Friday, September 18, 2009

Patient Preferences

The central theme of patient preference is the constant tension between the ideas of autonomy and paternalism. Autonomy has been defined as, "the moral right to choose and follow one's own plan of life and action (Jonsen et al., 2006, p. 52)." The idea of paternalism rests in assuming a position of authority over what is thought to be in the patient's best interest and thus ignoring that patient's preferences (Jonsen et al., 2006, p. 54). Unscrupulous clinicians, armed with biased information given to them by drug companies, might assume a paternalistic stance with their patients if those patients aren't convinced the drugs or products their provider is promoting are equal or on par with alternative, less expensive treatments. If the relationship between the drug rep and clinician is severely biased, either through close friendship or substantial financial incentive, the clinician may feel compelled to use his or her position of authority to override patient preference.

For example, a patient may come to the clinician wanting to control her hypothyroidism with a cost effective, generic brand of medication, but the clinician may be incentivized to recommend the "more accurately dosed" brand name. Despite evidence that there is, in this case, no significant difference between generic and brand name medication, the clinician will stand on the authority of his drug rep biased influence and convince the impressionable patient there is a "significant and clinically felt" difference. The patient may not have the money to afford the name brand, but now he or she is convinced that they must have the superior name brand if they are to "feel better." Under this undue influence, the patient is now ready to over-extend his or her budget to secure the medication. Of course, the clinician will attempt to ease the initial cost of the medicine with samples or coupons, but the patient will ultimately be made responsible for its costs when samples and coupon offers run out or expire.
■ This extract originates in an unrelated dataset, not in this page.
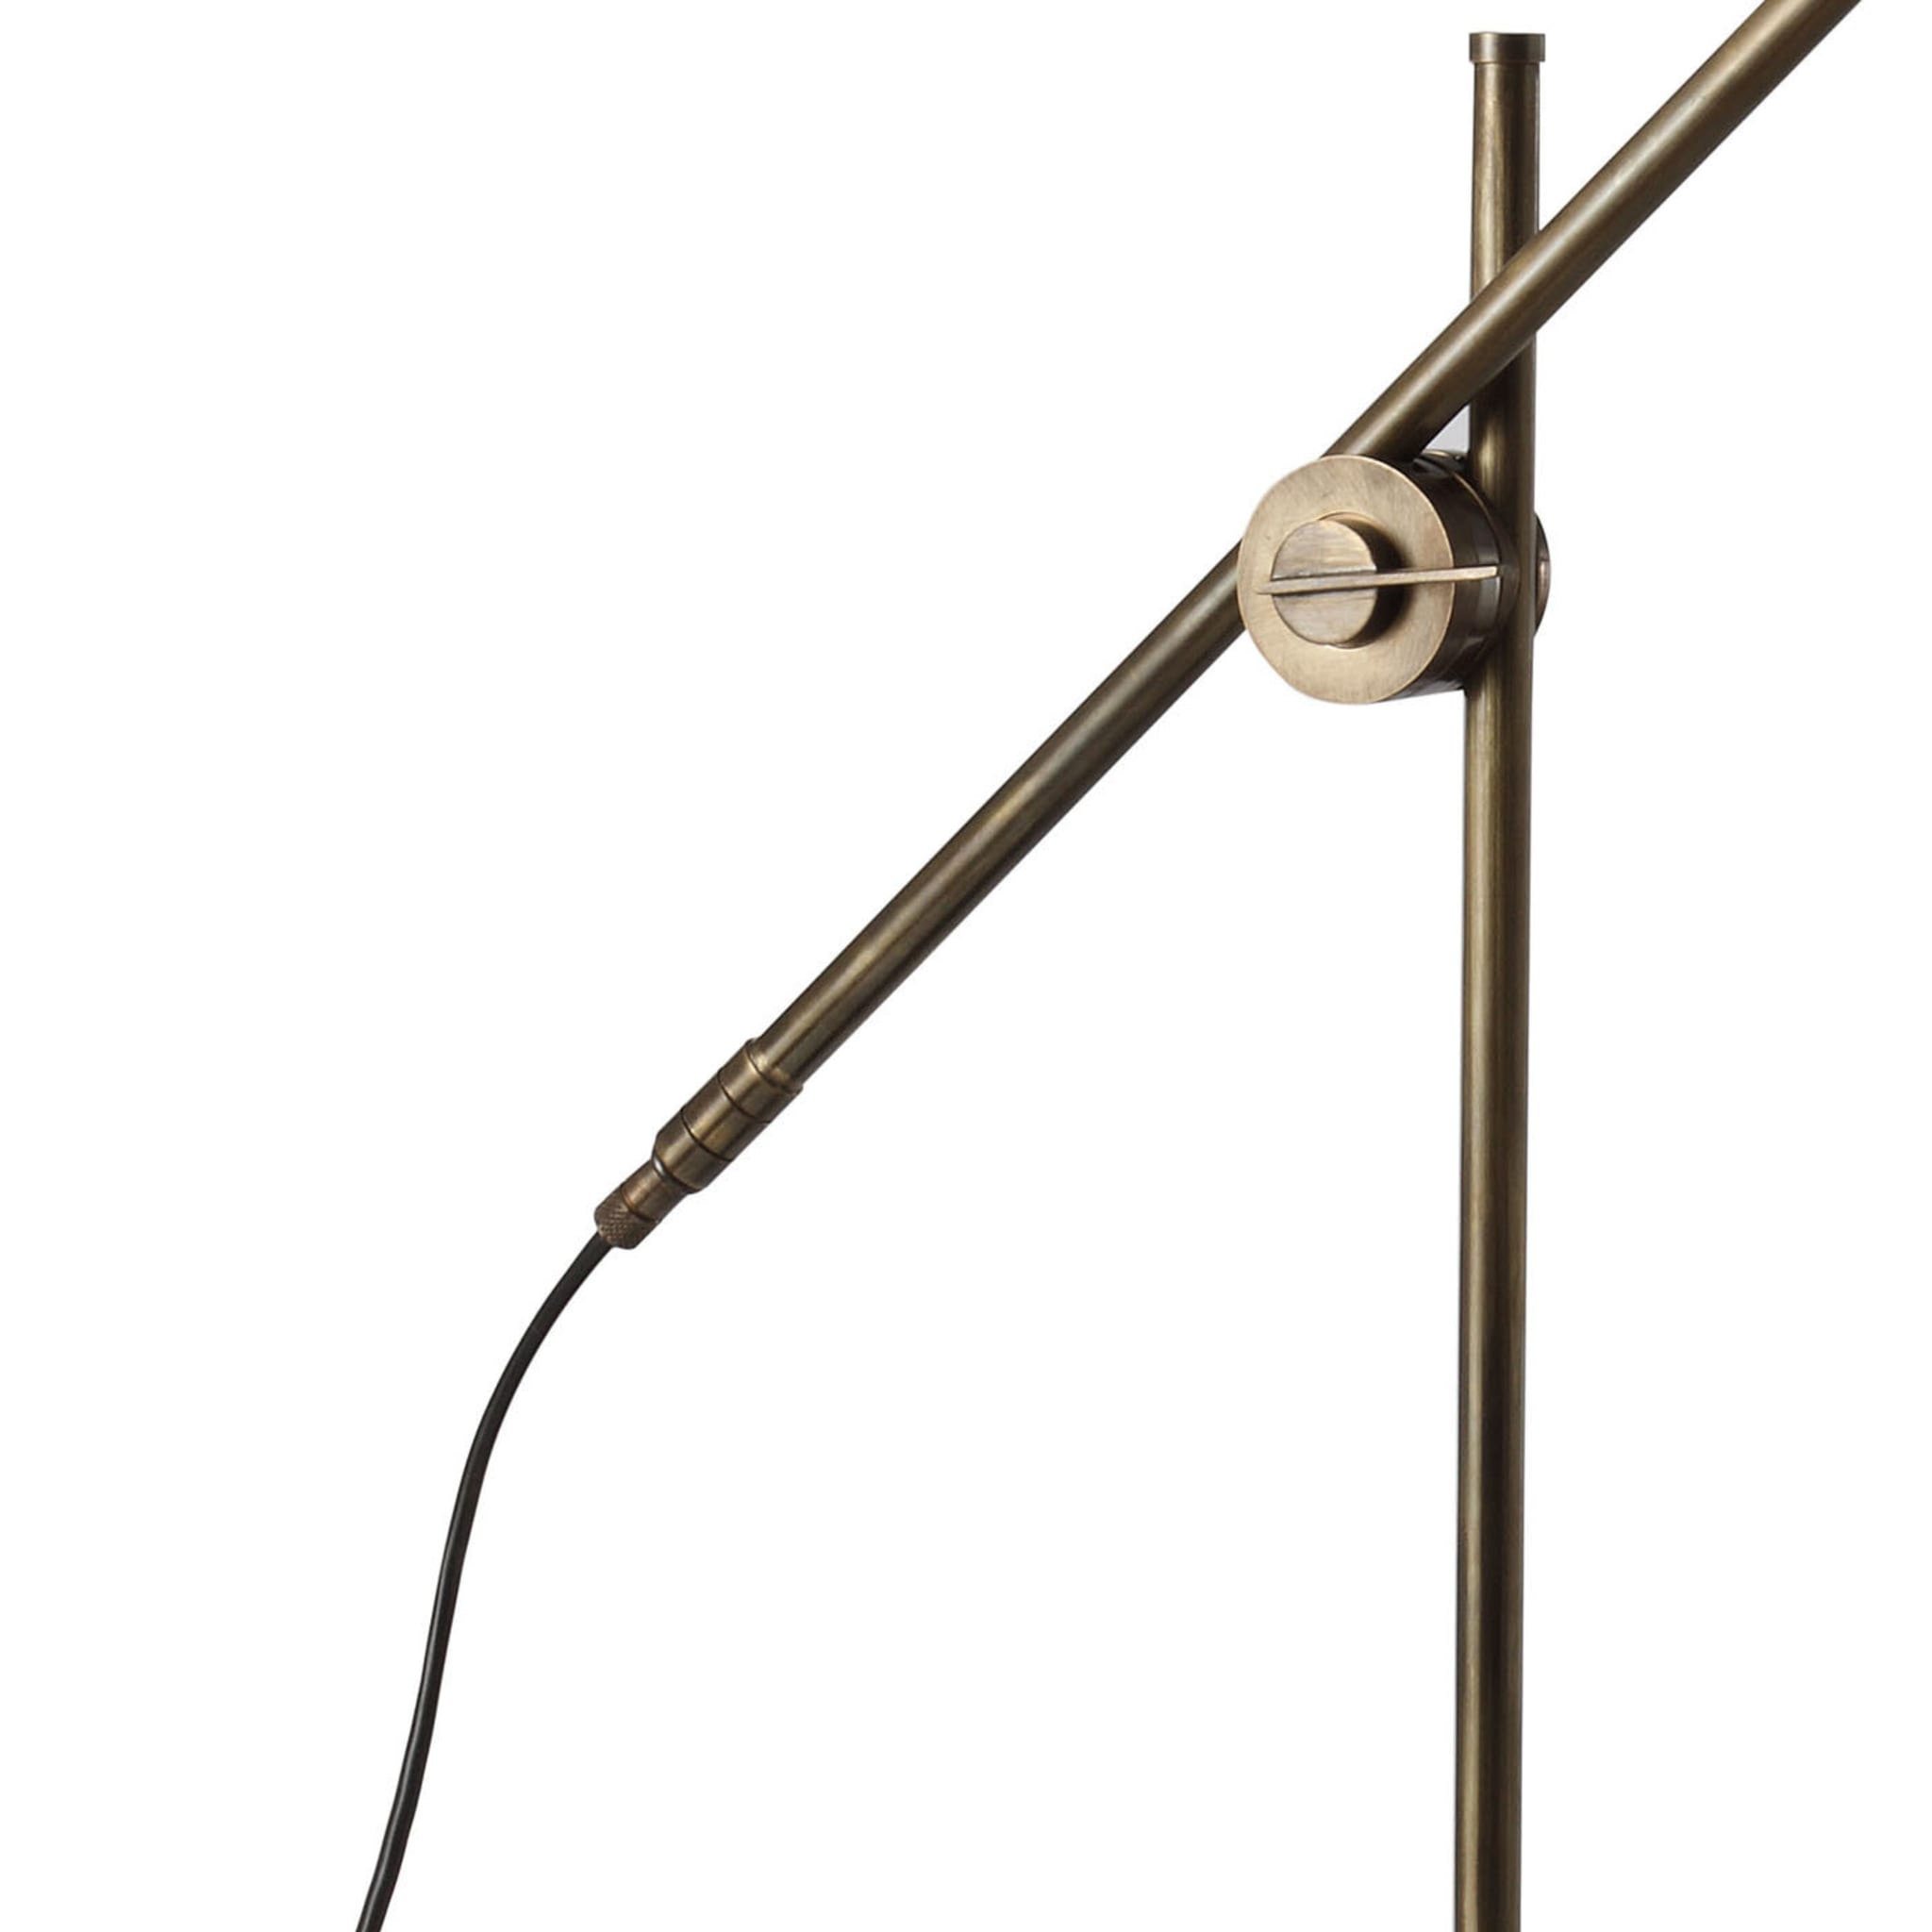 Kursa Desk Lamp in Bronzed Brass - Alternative view 3

Furthermore, because the clinician is in a position of authority, he or she will substantially contribute toward achieving a placebo effect in patients through the mere suggestion that a particular drug is better than another, thus strengthening the patient's belief in the fallacy. The patient may feel better not because of an actual drug effect, but by the mere suggestion of its superiority. Patients will thus continue to spend their money needlessly because they have been misled by their medical providers.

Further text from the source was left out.